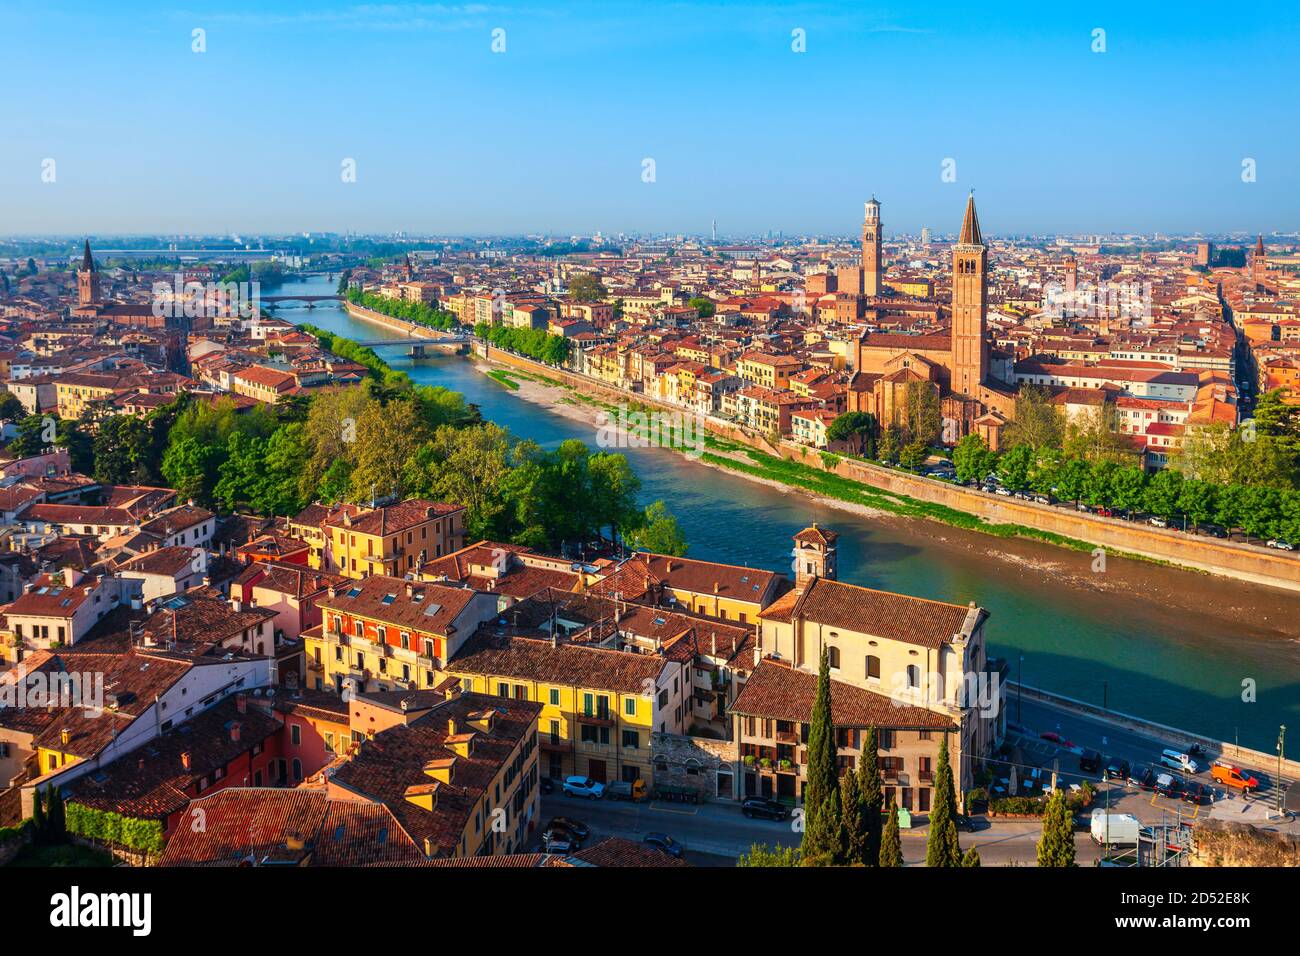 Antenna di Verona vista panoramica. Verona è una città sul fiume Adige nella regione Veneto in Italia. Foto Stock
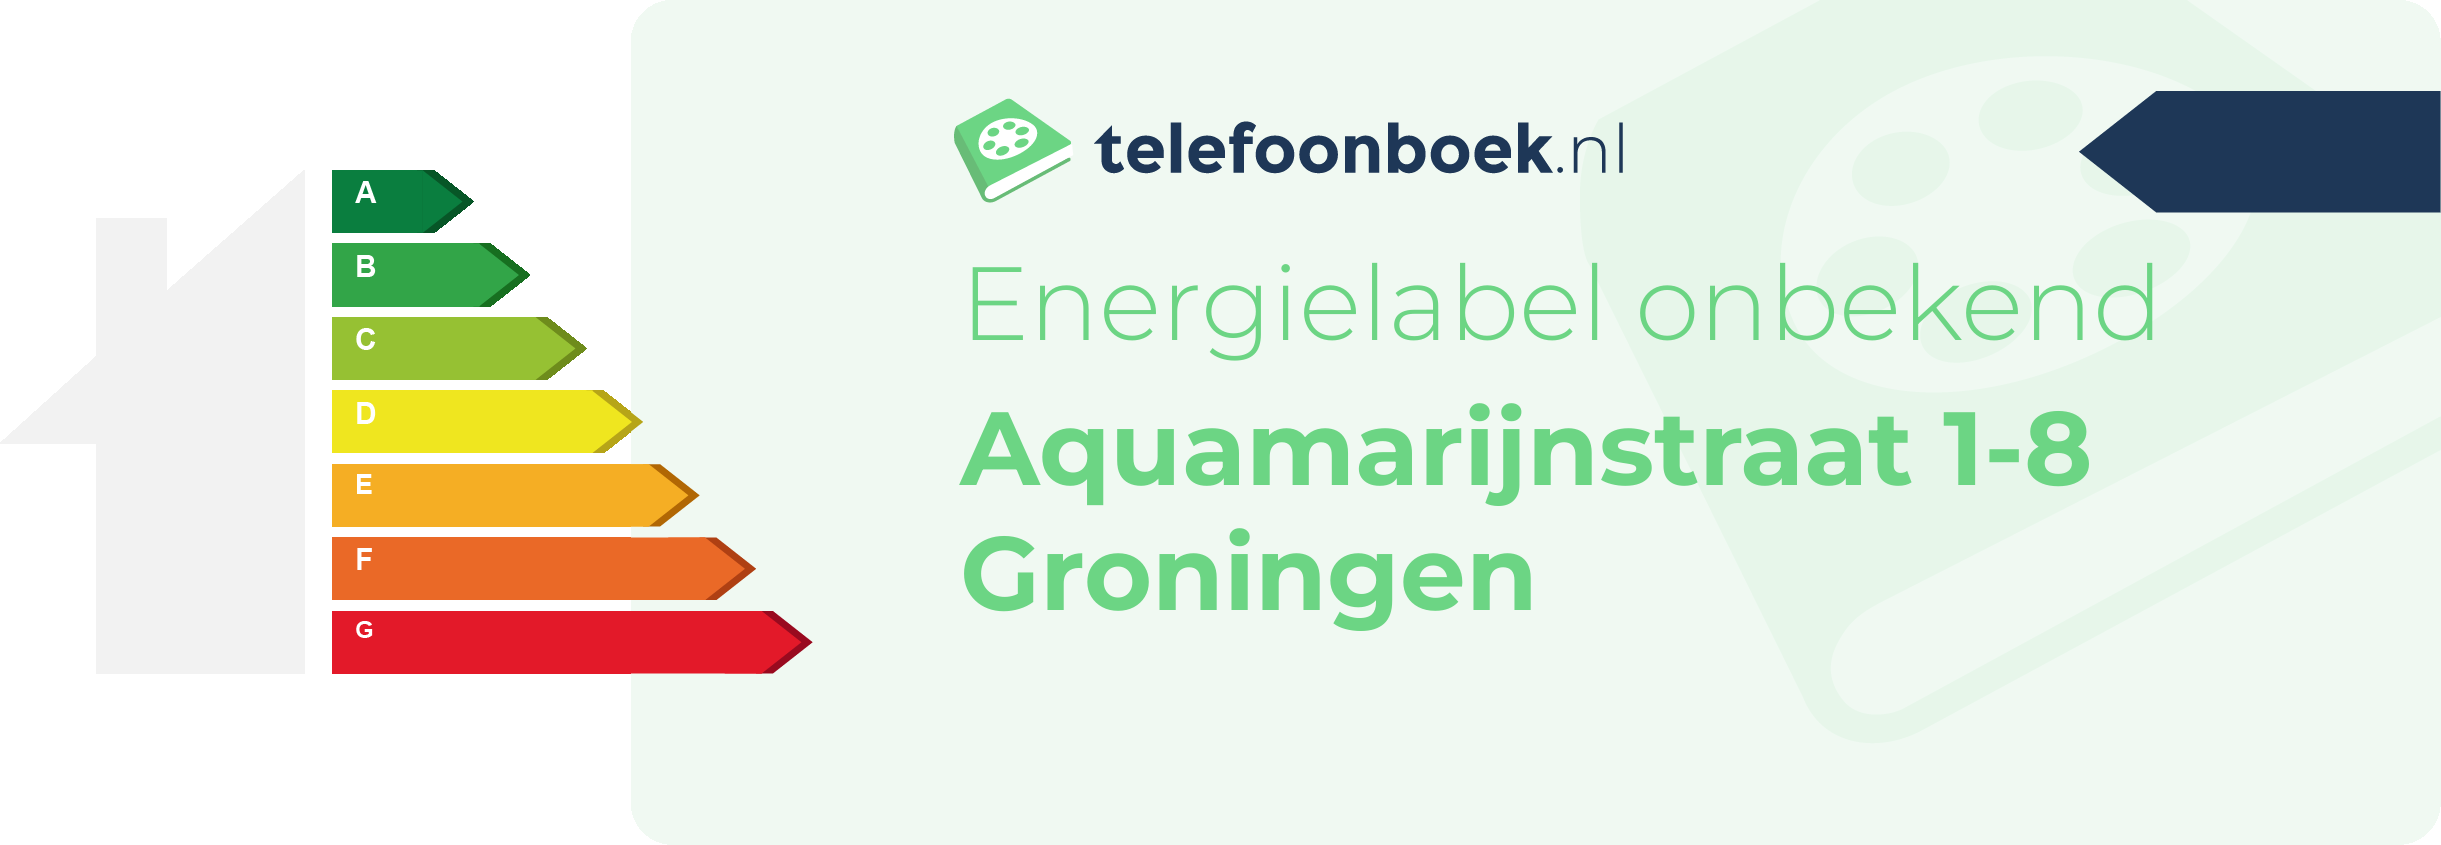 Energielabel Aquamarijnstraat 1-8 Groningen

+ + + +

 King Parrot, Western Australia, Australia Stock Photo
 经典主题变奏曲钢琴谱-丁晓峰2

+ + + +

--- What to work on ---
Skip every picture, and restate word for word only the lines above from the line containing "Antenna di Verona" to the line containing "Energielabel Aquamarijnstraat 1-8 Groningen", both of them included.

--- Answer area ---
 Antenna di Verona vista panoramica. Verona è una città sul fiume Adige nella regione Veneto in Italia. Foto Stock
 Energielabel Aquamarijnstraat 1-8 Groningen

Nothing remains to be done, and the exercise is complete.